The Web was originally designed around the ISO 8859-1 character set, which supports only Western European languages. In the early days, when the development of the Web was mainly in the US, this was not a problem, but with the growth in the use of the Internet worldwide, the number of people attempting to distribute non-English content over the Web has grown substantially. In addition, the ability to provide localized content has become an important source of competitive advantage for companies competing in the global market place. The need for more robust standards and protocols to support multilingual publishing on the Internet has become of prime importance.

The recent introduction of a number of new Web technologies and standards has gone some way to improving the situation, but this is more than just a character encoding or a font display problem. The Web is a whole new medium that goes far beyond the possibilities of traditional publishing. The frontier between document content and application user interface is increasingly blurred and documents are becoming applications in themselves. These "dynamic" documents contain a mixture of both document content and information about the content, or metadata. What is needed is a way to meet the needs of today's professional Web publishers and those of tomorrow's dynamic document application architectures.

This is where the Extensible Markup Language (XML) comes in. XML looks set to make large-scale hypertext document publishing to a worldwide audience a reality at last. At the same time it will make the life of the multilingual document publisher a whole lot easier.

Current Problems

HTML, the file format used for Web documents, inherited its reliance on the ISO 8859 character set definitions from the SGML standard on which it is based. ISO 8859 defines a dozen character sets that are useful for languages that use the Latin, Cyrillic, Arabic, Greek and Hebrew alphabets. However, these standards have a limited range of application (eight bits per character, a maximum of 190 characters). Although they are sufficient for 10 or so of the most widely used languages, problems often occur when translating documents from one character set to another (due to the fact that the same code is used to represent different characters in different character sets). Furthermore, ISO 8859 is totally inadequate for representing more complex languages, such as Japanese or Chinese, which contain many thousands characters.

For publishers dealing with these more "exotic" languages, the only solution, until recently, was to rely on national language code standards. Andrew S. Tanenbaum once said, "the nice thing about standards is that there are so many to choose from." Nowhere is this more true than in the domain of national language code standards. There are literally hundreds of different codes available, each created over the years to satisfy constraints and constantly changing technological limitations. For example, there are over three-dozen codes for the Arabic language alone. This overabundance of standards significantly complicates life for the international software developer and the multilingual publisher. But then, you already know that, right?

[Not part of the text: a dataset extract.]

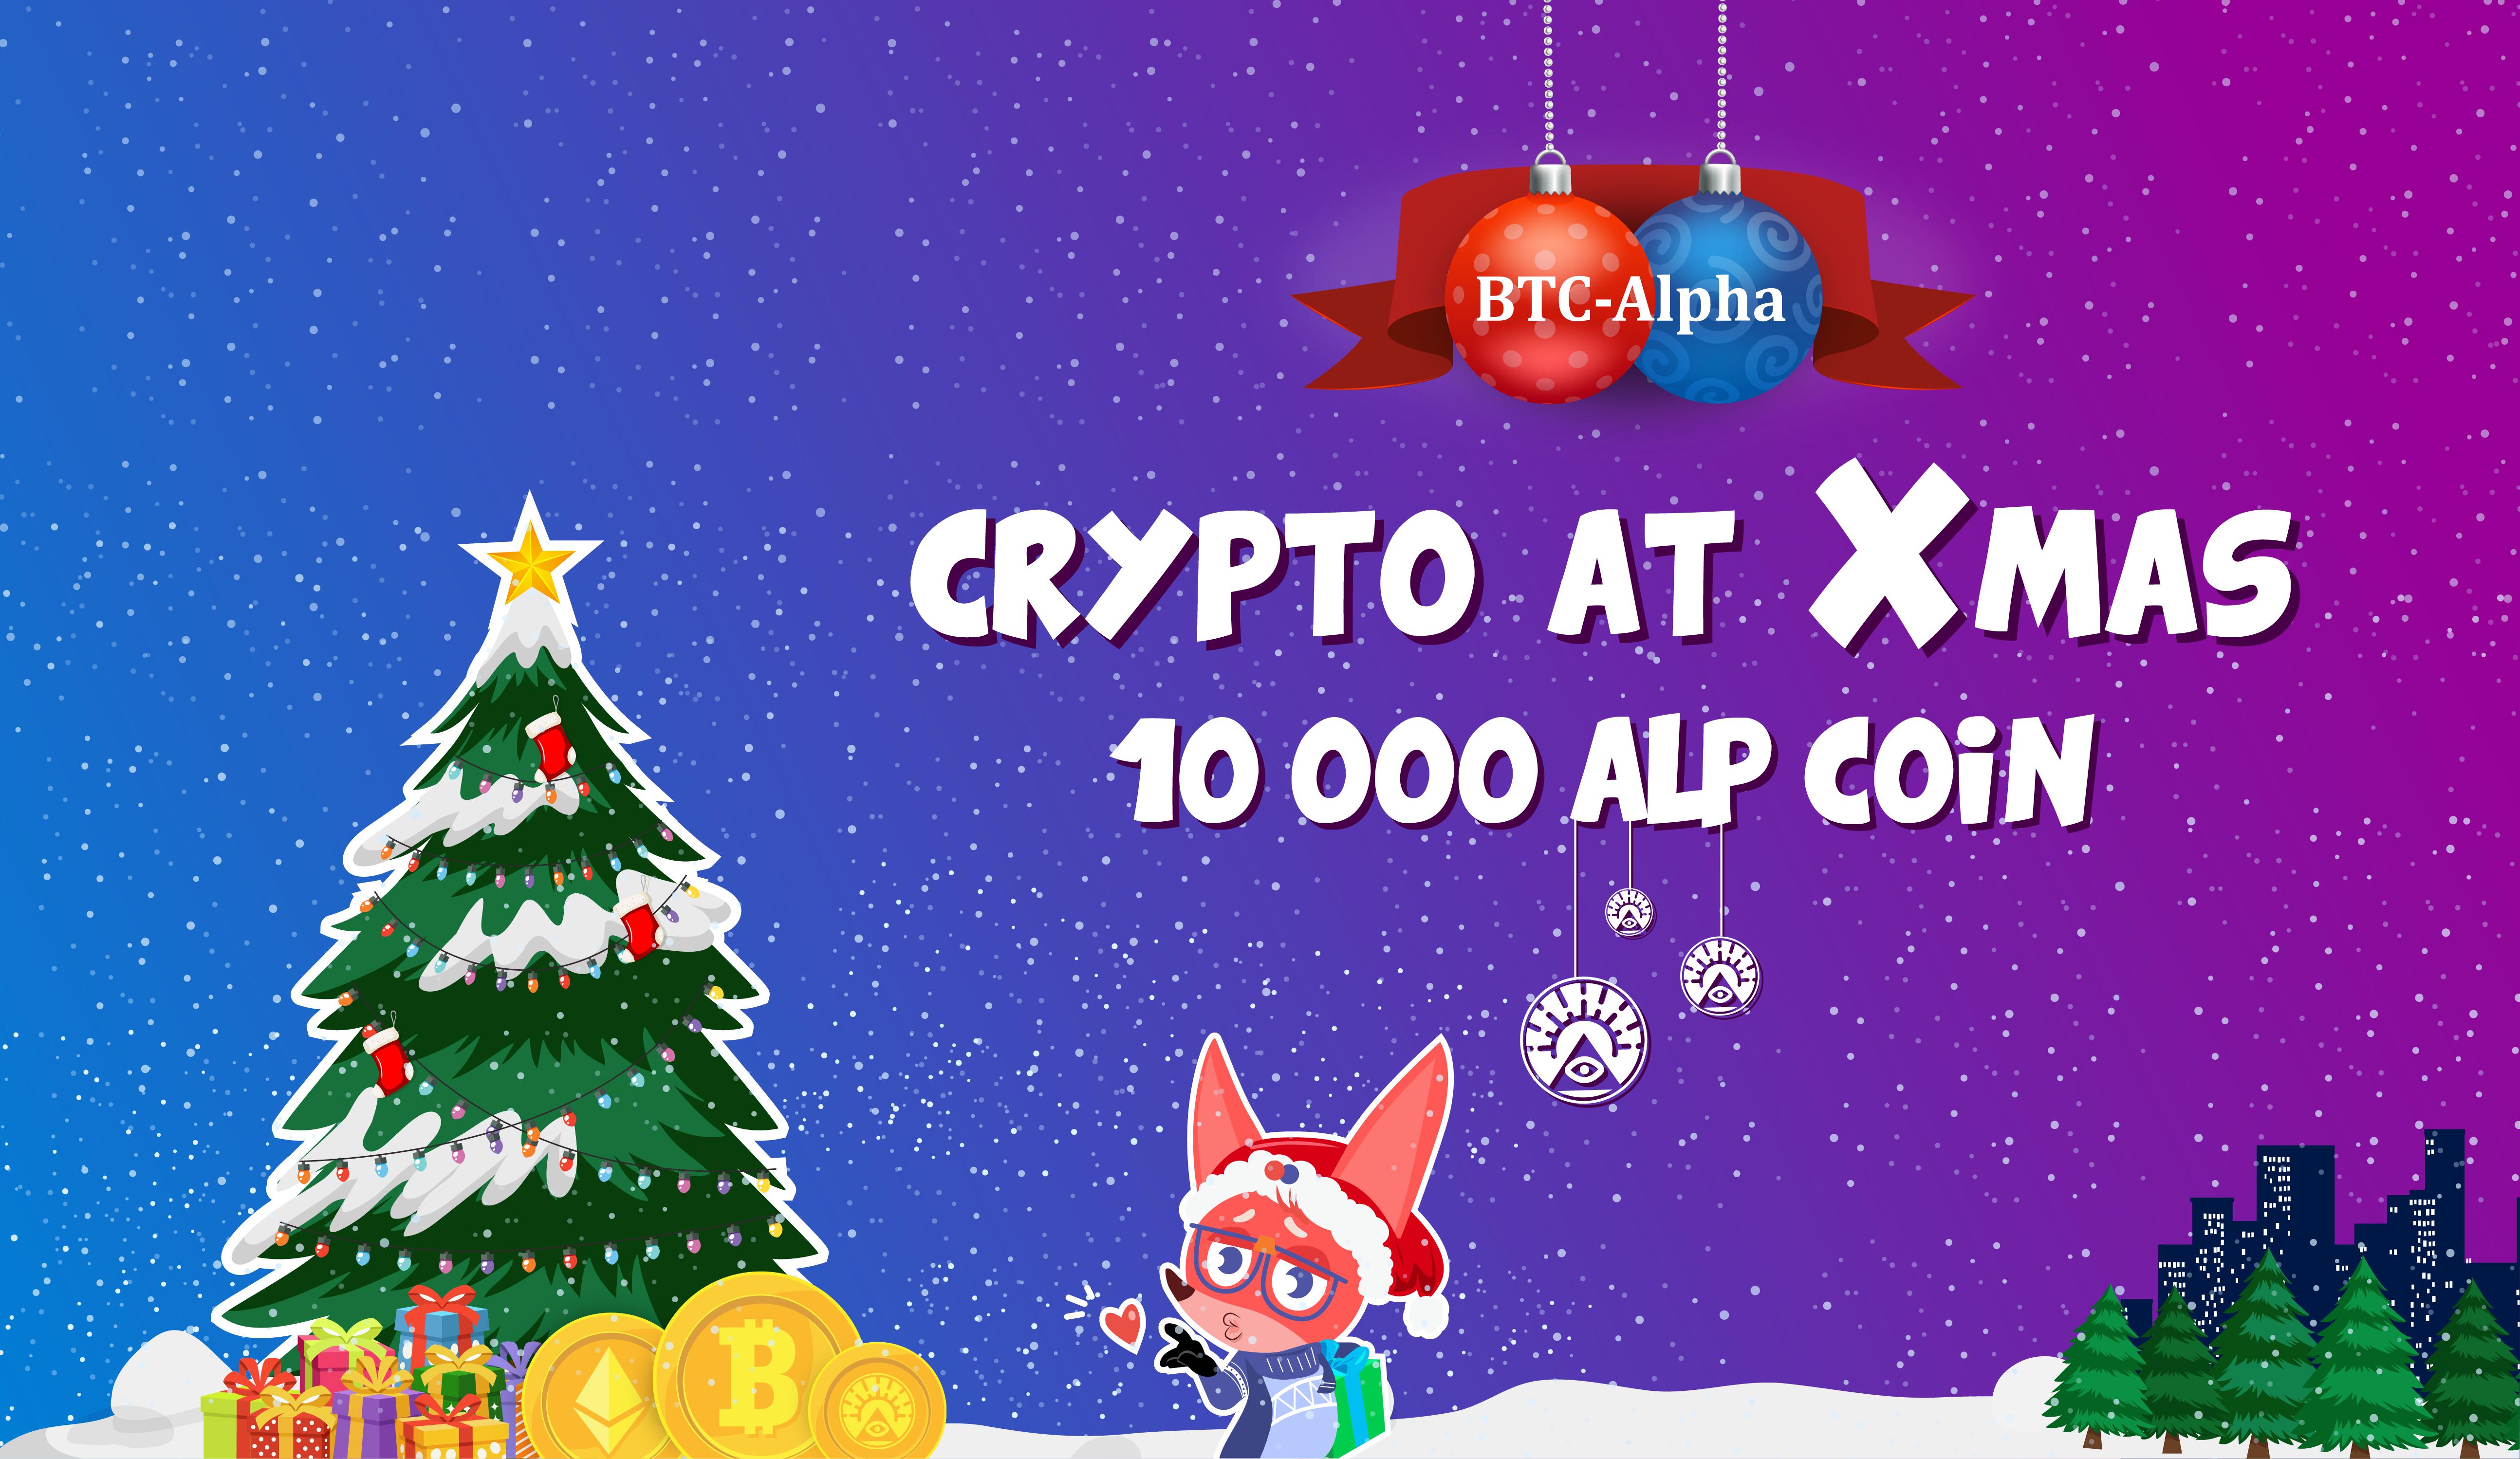 Crypto at Christmas  — giving away 10 000 ALP 😱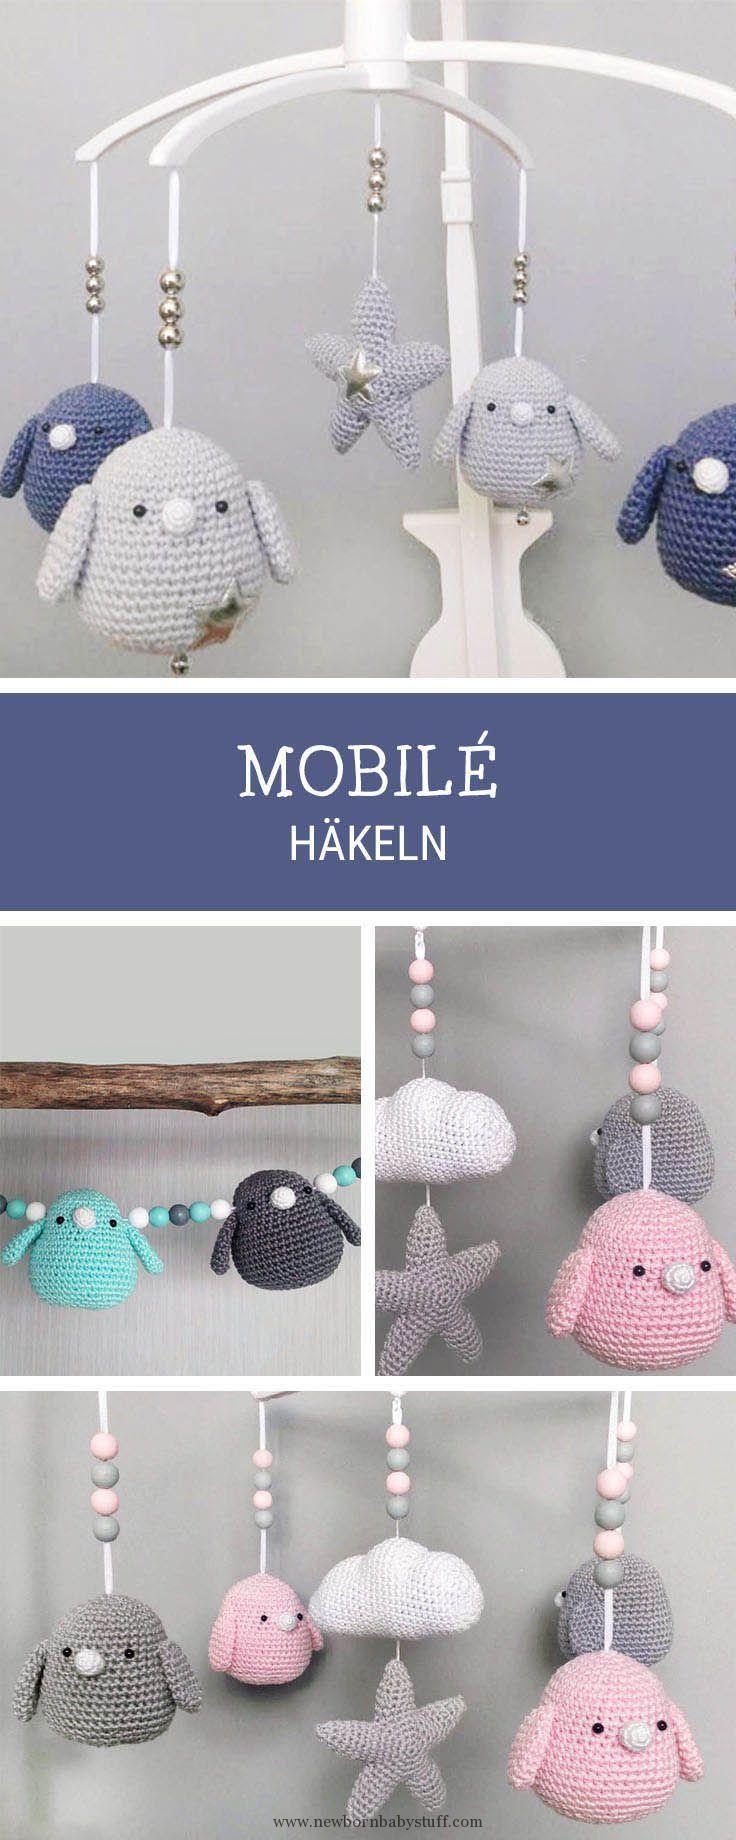 Baby Knitting Patterns Häkelanleitung für ein Mobile mit gehäkelten ...

It was to resolve these problems that the Unicode standard was created. The work of the Unicode Consortium was subsequently combined with that of the ISO 10646 working group and version 2.0 of Unicode/ISO 10646 was released in 1997. The Unicode Worldwide Character Standard is a character coding system designed to support the interchange, processing and display of the written texts of the diverse languages of the modern world.

Every character in Unicode is coded using two bytes (or 16 bits), which provides over 65,000 separate positions, 38,885 of which have already been defined. This is enough to represent most of the world's living languages, including single-byte languages such as Western European, Eastern European, and bi-directional Middle Eastern, as well as multibyte languages such as Chinese, Japanese and Korean (CJK). And there's plenty of room left to encode the missing languages as soon as enough of the necessary research is done. Using Unicode, it is finally possible to display several languages within the same electronic document, even if they are based on different alphabets, without worrying about the problem of national language code tables.

Adding Unicode support to existing software applications has proved to be a major undertaking, often requiring a complete rewrite of low-level code. It is only recently that Unicode support has begun appearing in some key desktop applications. You can now find support in Windows NT 4.0, Java, HTML 4.0 and (yes, you guessed it) XML. This at last opens the way for truly multilingual Web-based applications and should accelerate the adoption of Unicode for other desktop applications.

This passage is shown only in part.